Since the high-temperature steam electrolysis hydrogen production cell produces hydrogen by electrolysis, it is desired that the electron conductivity is excellent. On the other hand, it is necessary to add a second component for structural stability in order to stabilize the cell at high temperatures. Stabilization of conductivity was a big issue.

Accordingly, an object of the present invention is to provide a cell for producing hydrogen by high-temperature steam electrolysis, which has high stability at high temperatures and excellent electron conductivity, and a method for producing a cell for producing hydrogen by high-temperature steam electrolysis.
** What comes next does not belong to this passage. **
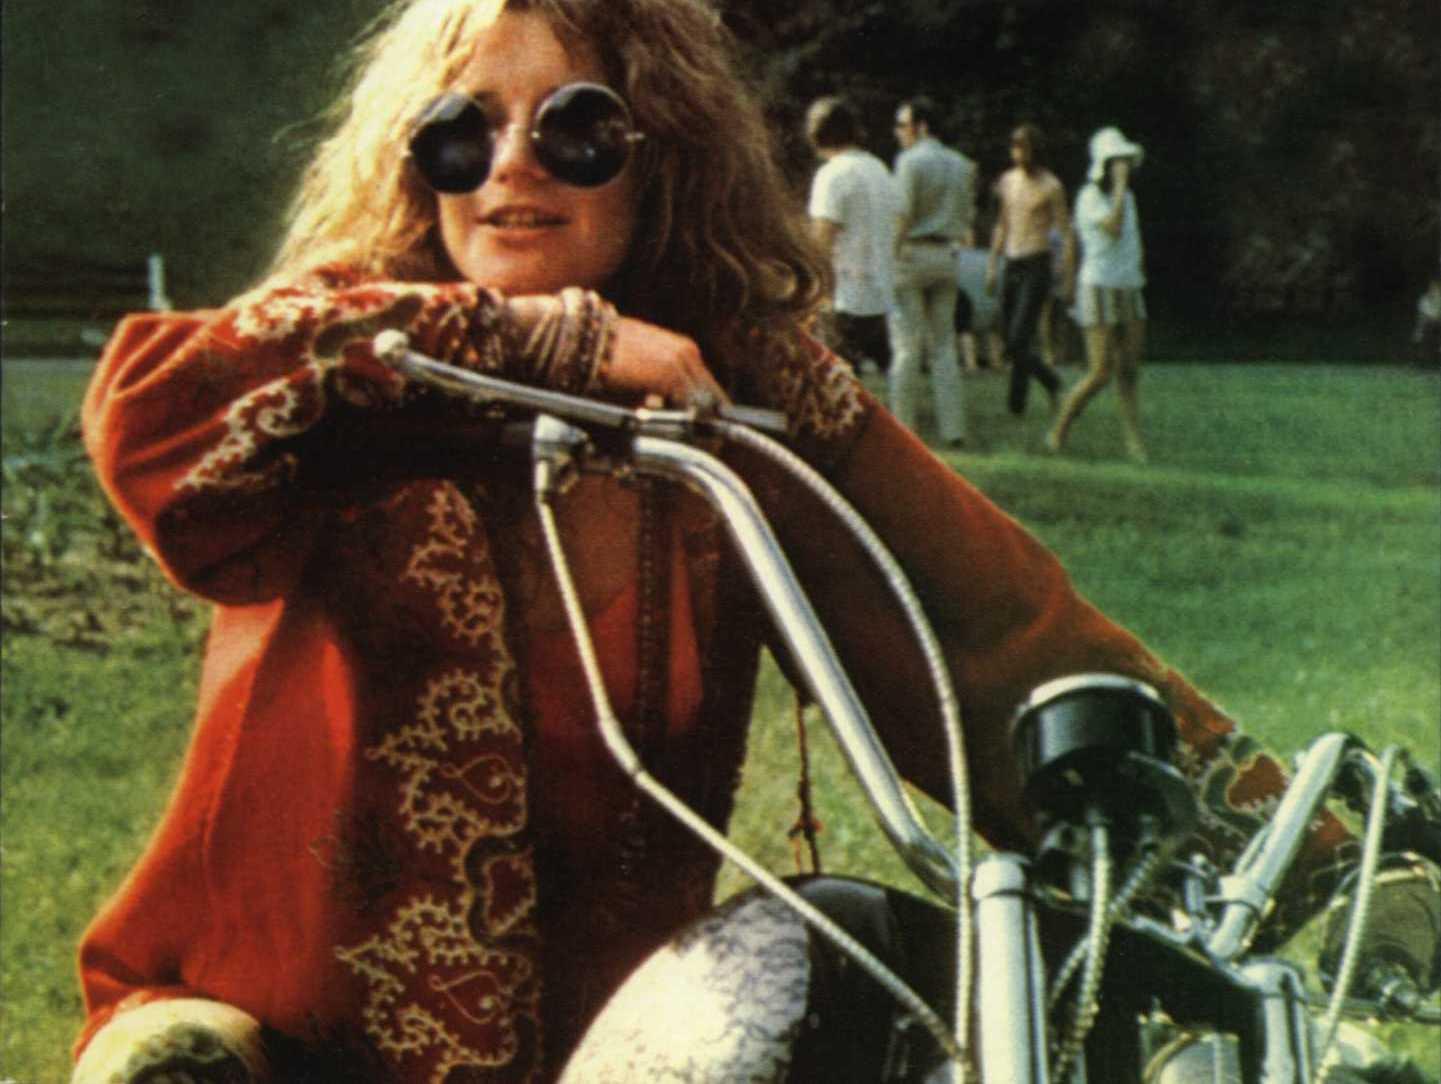 Shock claim Rocker Jim Morrison found ALIVE living as

The cell for high-temperature steam electrolysis hydrogen production of the embodiment comprises: a support layer which is capable of conducting electrons and allows gas to pass through and plays a major role in maintaining the strength of the cell; an active layer which allows gas and oxygen ions to pass through and electrolyzes water; A cell for high-temperature steam electrolysis hydrogen production, comprising an electrolyte layer that conducts oxygen ions but impermeable to gas, and an oxygen electrode that binds oxygen ions to form oxygen molecules, wherein the support layer has electrical conductivity. a second component made of a material for maintaining high-temperature strength; and pores having gas permeability; The coverage with crystal grains is in the range of 10% to 55%.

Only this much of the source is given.